As shown in FIG. 12, the electronic device 150 includes at least one processor 151, a memory 153, and at least one communication interface 154.
The processor 151 is, for example, a general-purpose central processing unit (CPU), a digital signal processor (DSP), a network processor (NP), a data processing unit (DPU), a microprocessor, or one or more integrated circuits configured to implement the solutions of this application. For example, the processor 151 includes an application-specific integrated circuit (ASIC), a programmable logic device (PLD), or another programmable logic device, a transistor logic device, a hardware component, or any combination thereof. The PLD is, for example, a complex programmable logic device (CPLD), a field programmable logic gate array (FPGA), a generic array logic (GAL), or any combination thereof. The processor may implement or execute various logical blocks, modules, and circuits described with reference to content disclosed in embodiments of this application. The processor may alternatively be a combination of processors implementing a computing function, for example, a combination of one or more microprocessors, or a combination of a DSP and a microprocessor.
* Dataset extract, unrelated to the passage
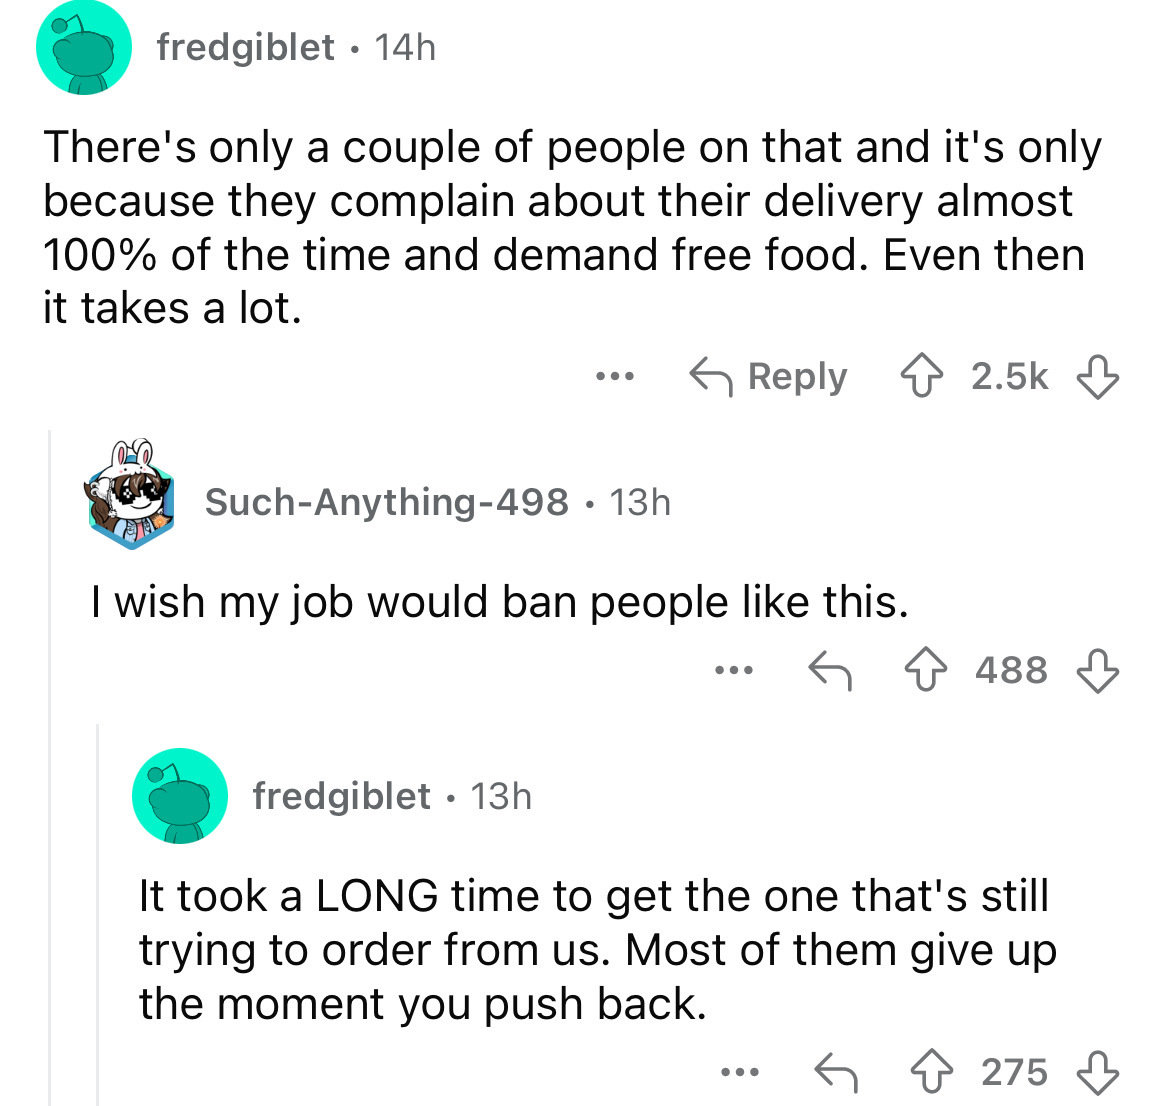 screenshot - fredgiblet 14h . There's only a couple of people on that and it's only because they complain about their delivery almost 100% of the time and demand free food. Even then it takes a lot. SuchAnything498 13h I wish my job would ban people this.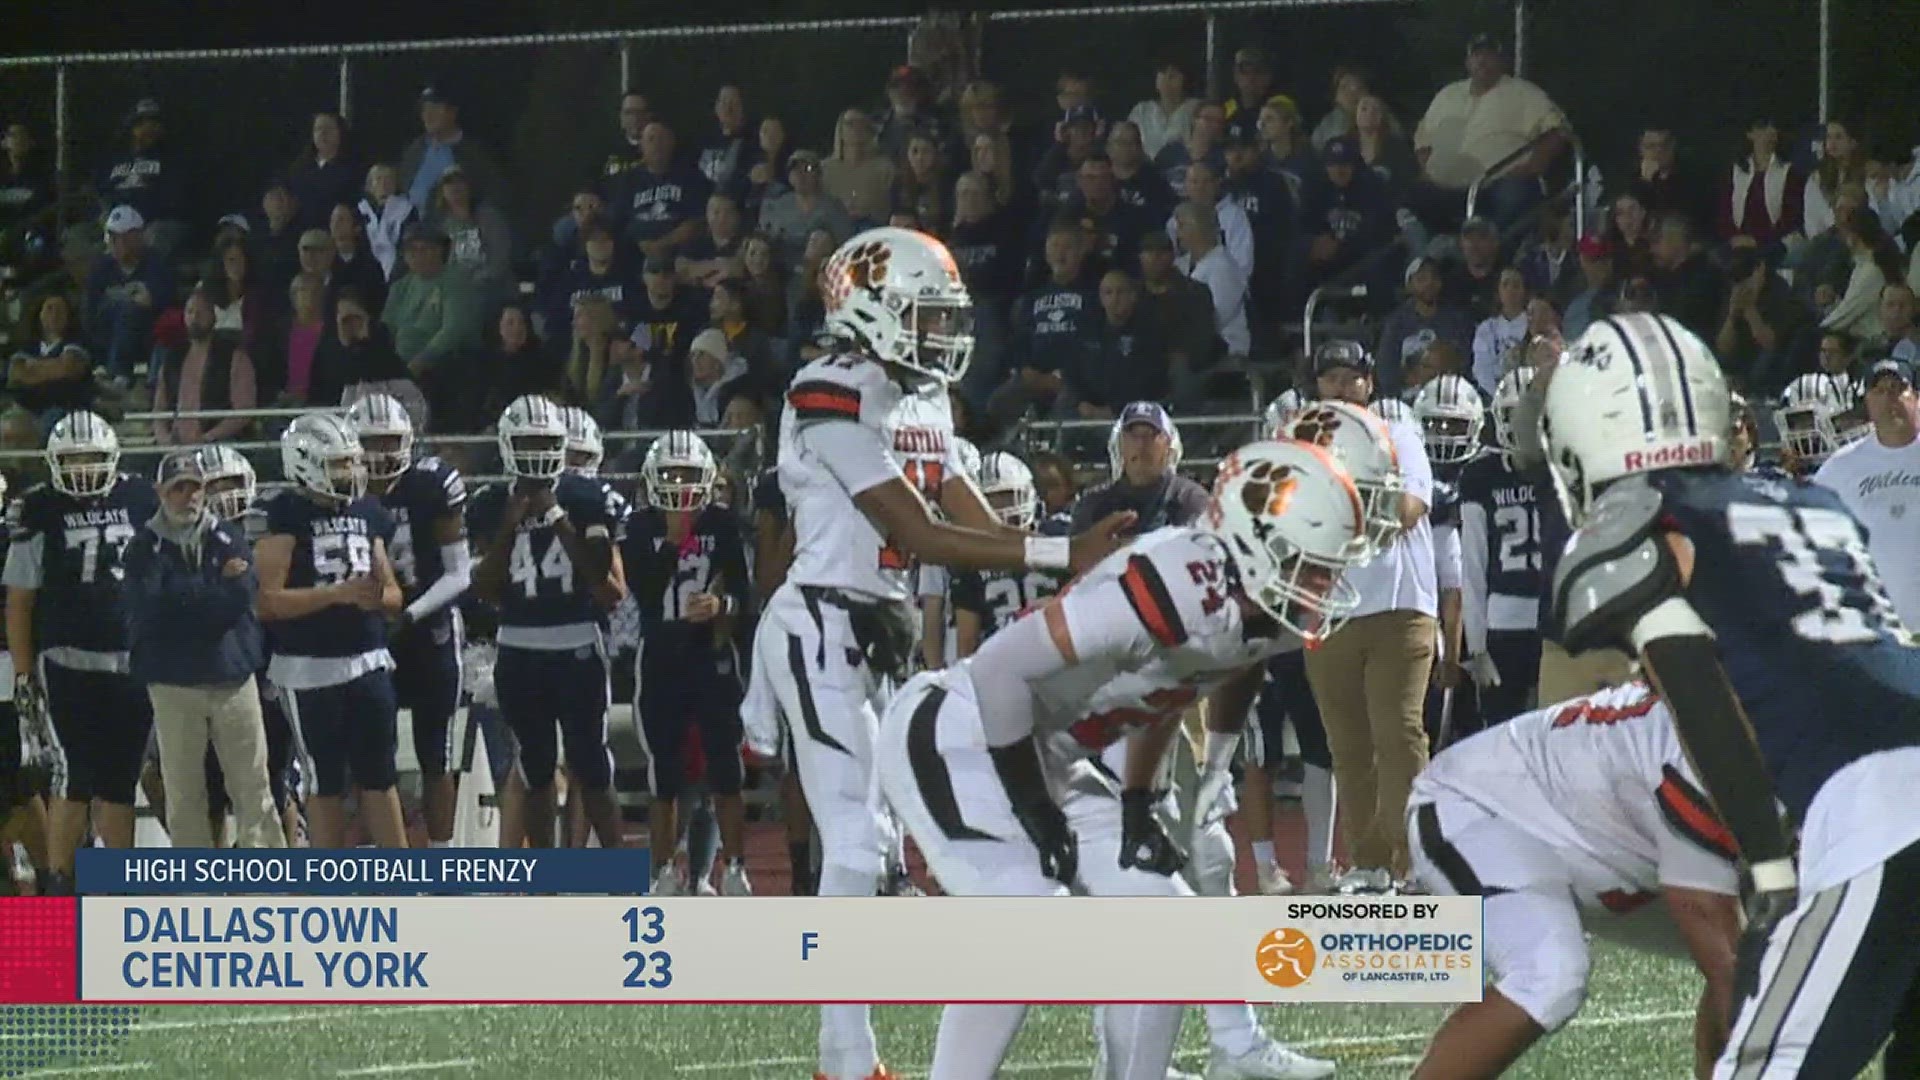 Central York edges Dallastown to stay perfect on the season.

In an embodiment, the electronic device 150 further includes a bus. The bus is configured to transmit information between components of the electronic device 150. The bus may be a peripheral component interconnect (PCI) bus, an extended industry standard architecture (EISA) bus, or the like. The bus may be classified into an address bus, a data bus, a control bus, and the like. For ease of representation, only one thick line is used to represent the bus in FIG. 12, but this does not mean that there is only one bus or only one type of bus.
The memory 153 is, for example, a read-only memory (ROM) or another type of static storage device that can store static information and instructions, for another example, a random access memory (RAM) or another type of dynamic storage device that can store information and instructions, for another example, an electrically erasable programmable read-only memory (EEPROM), a compact disc read-only memory (CD-ROM) or another compact disc storage, an optical disk storage (including a compact disc, a laser disc, an optical disc, a digital versatile disc, a Blu-ray disc, and the like), a magnetic disk storage medium or another magnetic storage device, or any other medium that can be used to carry or store expected program code in a form of an instruction or a data structure and that can be accessed by a computer, but are not limited thereto. For example, the memory 153 exists independently, and is connected to the processor 151 through the bus. The memory 153 may alternatively be integrated with the processor 151.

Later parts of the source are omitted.